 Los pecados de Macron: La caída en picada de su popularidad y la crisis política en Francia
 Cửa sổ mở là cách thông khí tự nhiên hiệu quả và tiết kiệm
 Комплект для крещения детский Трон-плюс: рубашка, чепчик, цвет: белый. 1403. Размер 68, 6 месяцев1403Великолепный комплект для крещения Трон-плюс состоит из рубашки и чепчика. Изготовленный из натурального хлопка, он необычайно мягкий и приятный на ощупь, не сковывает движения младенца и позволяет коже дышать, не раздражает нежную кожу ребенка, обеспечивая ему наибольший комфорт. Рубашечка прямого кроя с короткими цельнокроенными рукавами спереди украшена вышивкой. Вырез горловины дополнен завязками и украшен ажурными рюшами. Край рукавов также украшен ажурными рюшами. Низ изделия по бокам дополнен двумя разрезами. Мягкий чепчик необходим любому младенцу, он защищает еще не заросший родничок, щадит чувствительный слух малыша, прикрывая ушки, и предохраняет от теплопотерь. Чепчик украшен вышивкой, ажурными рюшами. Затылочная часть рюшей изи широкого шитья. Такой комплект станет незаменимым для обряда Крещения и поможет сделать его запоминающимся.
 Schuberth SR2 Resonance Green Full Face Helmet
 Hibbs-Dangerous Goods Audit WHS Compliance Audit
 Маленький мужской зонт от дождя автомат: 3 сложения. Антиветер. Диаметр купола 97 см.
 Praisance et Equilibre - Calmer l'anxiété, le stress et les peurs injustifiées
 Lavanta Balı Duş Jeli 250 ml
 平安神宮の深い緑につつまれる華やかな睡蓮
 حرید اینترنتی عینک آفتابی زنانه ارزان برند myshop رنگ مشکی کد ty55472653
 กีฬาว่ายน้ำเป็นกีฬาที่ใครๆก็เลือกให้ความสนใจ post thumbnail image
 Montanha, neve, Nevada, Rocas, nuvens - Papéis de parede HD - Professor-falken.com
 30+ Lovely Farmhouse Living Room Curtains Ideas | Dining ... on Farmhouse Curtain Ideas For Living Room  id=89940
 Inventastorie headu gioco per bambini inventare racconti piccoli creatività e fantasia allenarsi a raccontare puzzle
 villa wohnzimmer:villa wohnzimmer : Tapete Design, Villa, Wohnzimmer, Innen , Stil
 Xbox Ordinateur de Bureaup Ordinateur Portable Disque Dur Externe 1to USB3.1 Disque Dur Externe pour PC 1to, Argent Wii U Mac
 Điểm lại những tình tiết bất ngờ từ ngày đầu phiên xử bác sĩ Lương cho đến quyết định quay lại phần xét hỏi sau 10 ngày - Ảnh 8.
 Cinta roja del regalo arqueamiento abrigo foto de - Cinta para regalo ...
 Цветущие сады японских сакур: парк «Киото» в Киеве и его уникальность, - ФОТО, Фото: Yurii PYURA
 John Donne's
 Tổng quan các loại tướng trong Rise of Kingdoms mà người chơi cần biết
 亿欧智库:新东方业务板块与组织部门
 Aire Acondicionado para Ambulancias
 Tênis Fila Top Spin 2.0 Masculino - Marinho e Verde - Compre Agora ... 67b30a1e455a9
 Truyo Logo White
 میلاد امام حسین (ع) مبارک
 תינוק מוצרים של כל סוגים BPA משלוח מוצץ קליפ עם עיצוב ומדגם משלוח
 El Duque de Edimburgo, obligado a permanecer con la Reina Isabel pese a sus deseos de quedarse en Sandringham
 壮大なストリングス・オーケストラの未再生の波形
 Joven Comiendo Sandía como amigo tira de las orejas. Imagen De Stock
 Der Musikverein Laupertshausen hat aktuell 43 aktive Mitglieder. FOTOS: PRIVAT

---+---

WORK ORDER:
Beginning with the line above that contains "תינוק מוצרים של", copy each line exactly up to and including the line that contains "Joven Comiendo Sandía", and go no further.

TASK RESULT:
 תינוק מוצרים של כל סוגים BPA משלוח מוצץ קליפ עם עיצוב ומדגם משלוח
 El Duque de Edimburgo, obligado a permanecer con la Reina Isabel pese a sus deseos de quedarse en Sandringham
 壮大なストリングス・オーケストラの未再生の波形
 Joven Comiendo Sandía como amigo tira de las orejas. Imagen De Stock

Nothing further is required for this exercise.